A post-accident scar across your cheek, forehead, or nose can change how others see you and even how you regard yourself. Unlike a broken bone that heals below the surface or a burn mark on your hip or lower back, facial scarring puts your past trauma on display every time you go out in public or even look in the mirror.
Georgia law recognizes that facial scars inflict damages far beyond surgical costs. That’s why you can recover compensation for the surgeries you've already had, the corrective procedures you'll need in the future, and the income you lost while recovering.
You can also seek damages for the psychological distress of living with a visible disfigurement. In this guide, we’ll go over the different types of financial compensation for facial scarring and how a Georgia personal injury lawyer can help you maximize your settlement amount.
What Makes Facial Scars Different From Other Injuries?
A scar on your thigh or abdomen normally stays hidden under your clothing, but facial scarring remains visible in every social interaction, video call, and photograph. This prominence means you relive the trauma of your accident dozens of times each day when you see reactions from strangers, notice children staring, or catch a date's eyes drifting to your scar mid-conversation.
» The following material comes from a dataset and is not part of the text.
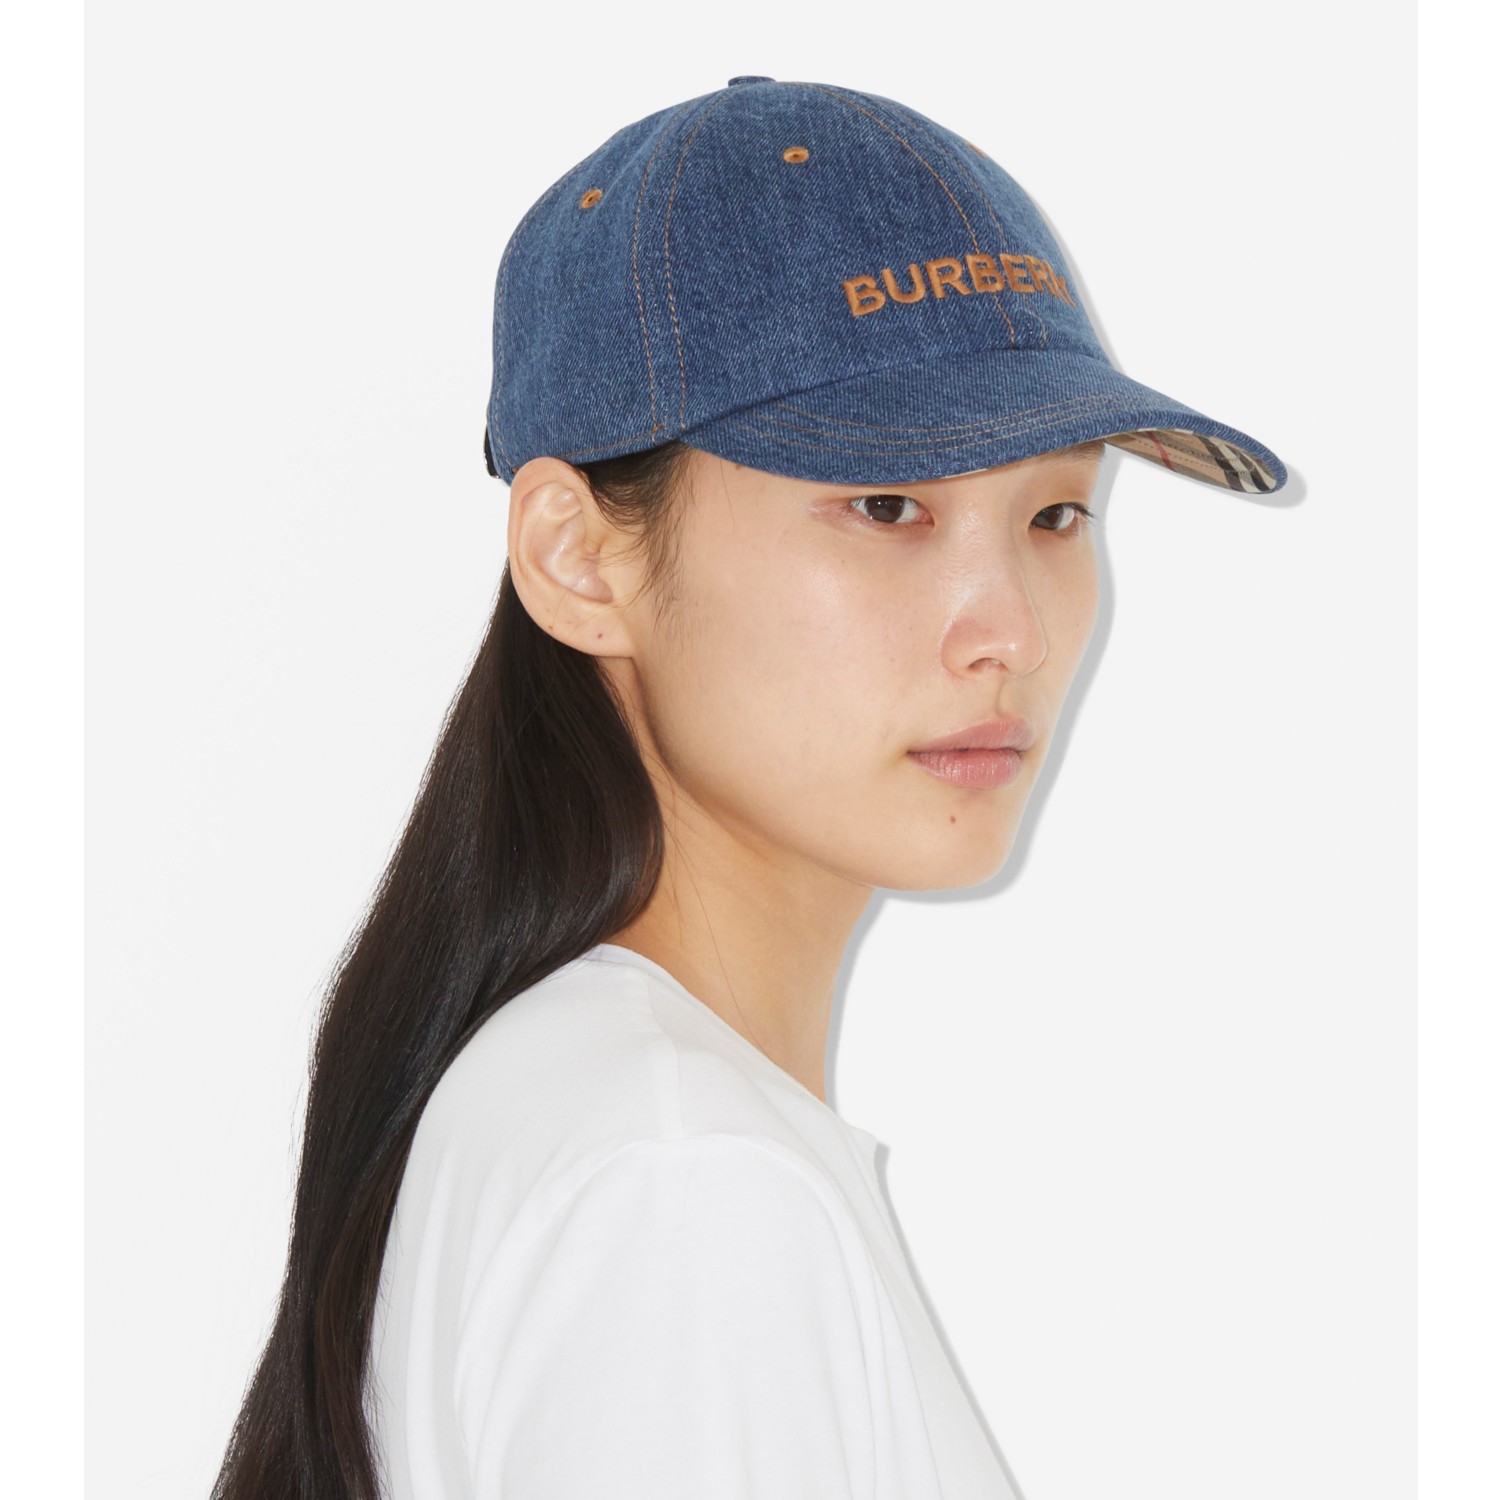 Embroidered Logo Official in indigo Cap Baseball Washed Burberry® Denim

Common types of post-accident scarring include:
- Hypertrophic Scars: These scars rise above the surrounding skin and appear thick, red, and rope-like because your body produces excess collagen during healing. They can be treated with steroid injections, laser therapy, and surgical revision.
- Keloid Scars: Keloid scarring grows beyond the original wound boundaries and forms large, raised masses of scar tissue that can continue expanding months after the injury. They're more common in people with darker skin tones and tend to resist treatment, often returning after surgical removal.
- Contracture Scars: Burns destroy large areas of skin, and the remaining tissue pulls together during healing, tightening the skin and restricting facial movement. This can limit your ability to open your mouth, close your eyes, or make normal facial expressions.
- Atrophic Scars: Tissue loss leaves pits or indentations that create sunken areas in your face. They can be improved with dermal fillers, fat grafting, and subcision procedures.
- Burn Scars: These range from red, shiny patches to thick, discolored tissue depending on the burn's depth and treatment. Third-degree burns that destroy all skin layers leave the most severe scarring and require skin grafts.
- Laceration Scars: Some cuts leave scars that follow the wound's path and can appear as thin lines (if surgically repaired) or as wide, irregular marks (if the wound healed without proper closure). Scar revision surgery can improve their appearance years later.
These types of facial scars can impact your sense of self in ways other injuries don't. You might have seen yourself as attractive, approachable, or professional before the accident, and now that self-image no longer matches what you see reflected in the mirror. Permanent scarring compounds this impact because the scar tissue becomes part of your appearance for years or even a lifetime.
Compensation for Facial Scarring
Georgia law divides your compensation into two categories: economic damages and non-economic damages. Both categories together make up the total value of your facial trauma settlement.
Economic Damages: Tangible Financial Losses
Economic damages compensate you for the money you've spent or will spend because of your facial scarring. These damages require documentation like receipts, bills, pay stubs, and expert testimony to prove their value. Georgia law allows you to recover both past expenses you've already paid and future costs you'll incur for any ongoing medical treatment plan.
- Emergency and Hospital Care: Your settlement can cover the ambulance ride, emergency room treatment, hospital admission, and any surgeries performed in the days immediately after your accident. ICU stays, anesthesia, and surgical supplies all count as recoverable medical expenses.
- Reconstructive Surgery: Plastic surgeons can improve the appearance of your scar through techniques like scar revision, skin grafts, tissue expansion, or flap surgery. Each procedure costs thousands to tens of thousands of dollars, and most patients need multiple plastic surgeries spaced months apart to achieve optimal results.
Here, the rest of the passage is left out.